The NFL’s willingness to cater to its free farm system includes potential antitrust violations and/or collusion.

The league’s media conglomerate has published a report suggesting that Michigan coach Jim Harbaugh won’t have a clear path back to pro football, if he decides to escape the NCAA by taking a job with an NFL team. Per the report posted on NFL.com, “The NFL is unlikely to make itself a safe harbor for Harbaugh to escape what could be substantial NCAA discipline, league sources say, raising the strong possibility Harbaugh would need to serve some or all of any possible suspension he could face in college if he returns to the pros.”

The report also says there’s no NFL bylaw governing the matter. Which obviously wouldn’t stop the NFL from doing whatever it wants. And if it wants to support the entity that governs college football, it will.

But the report does point to precedent, even if that precedent had no leg to stand on. In 2011, the Colts hired former Ohio State coach Jim Tressel to serve as the team’s replay consultant. The NCAA had suspended Tressel five games for lying to investigators about (God forbid) benefits players had received. And so the Colts (presumably at the nudging of the league) suspended Tressel for six games.

That was the same year the NFL had created a punishment out of thin air for former Ohio State quarterback Terrelle Pryor, who had broken not a single NFL rule but was suspended anyway, for allegedly manipulating eligibility rules.

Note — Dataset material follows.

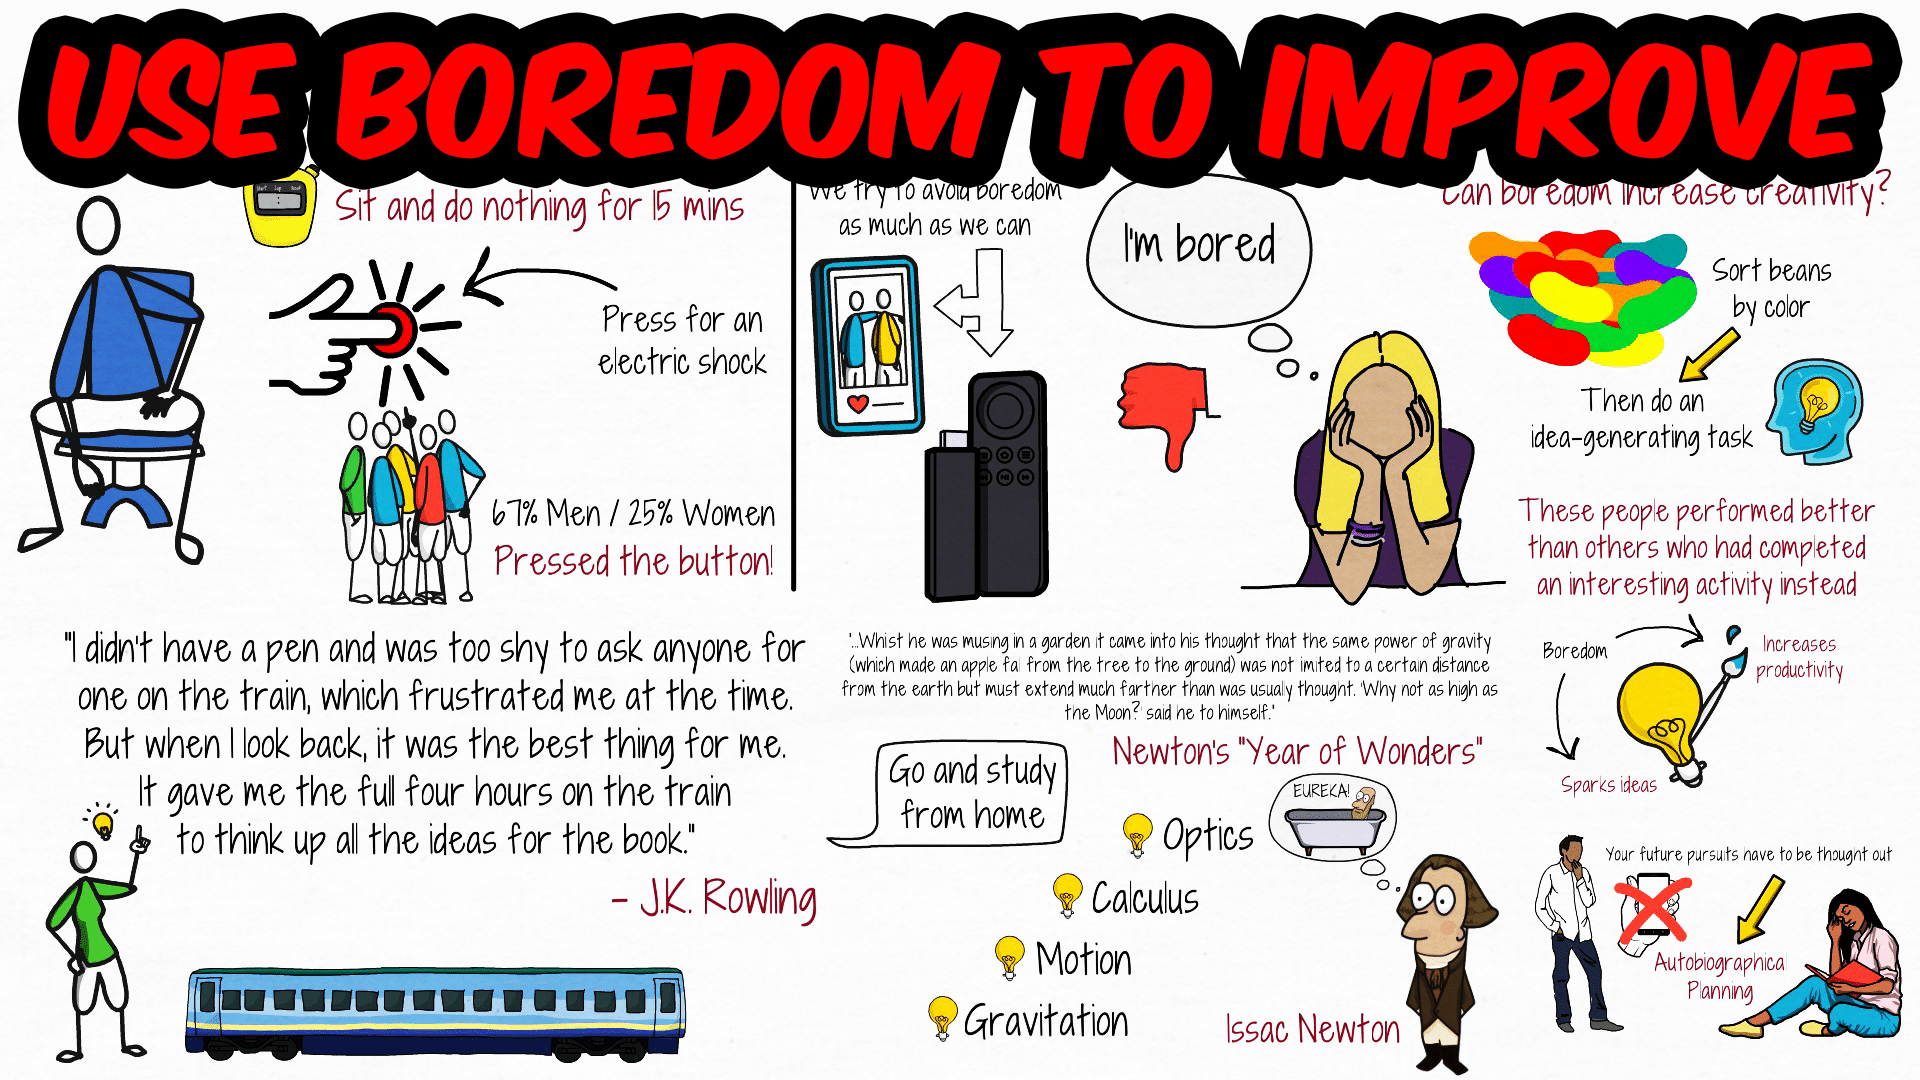 How Boredom Can Help You Be More Productive and Creative

The manipulation in this setting is done by the league. And it’s ultimately about keeping the folks who develop NFL talent at no cost to the NFL happy.

If the league were to suspend Harbaugh despite no rule supporting such a move, that would arguably be an antitrust violation and/or collusion. If one of the league’s teams wanted to hire Harbaugh and employ him as of Week 1, the NFL would have no basis for keeping that from happening.

The broader question, frankly, is whether the ongoing NCAA investigation regarding sign-stealing by Michigan will make Harbaugh radioactive to NFL owners. He tried each of the last two years to return; neither the Vikings nor the Broncos hired him. Does the current situation make him more attractive, or less attractive? As more comes out regarding a sign-stealing operation about which Harbaugh has claimed he knew nothing, will an NFL owner have an easier time or a harder time selling Harbaugh to fans and media?

Frankly, today’s report from the league’s reporting outlet might simply be aimed at breaking a tie. If a team that is thinking about hiring Harbaugh will already be wrestling with whether it’s the right move to make, knowing that the NFL might lower the boom on Harbaugh could be the thing that gets the NFL’s teams to treat him the same way they treated his former quarterback in San Francisco.

Then, the question would be whether Harbaugh would do anything about it in a court of law. The NFL, based on the fact that it’s already making its strategy known to the world, seems to believe he won’t.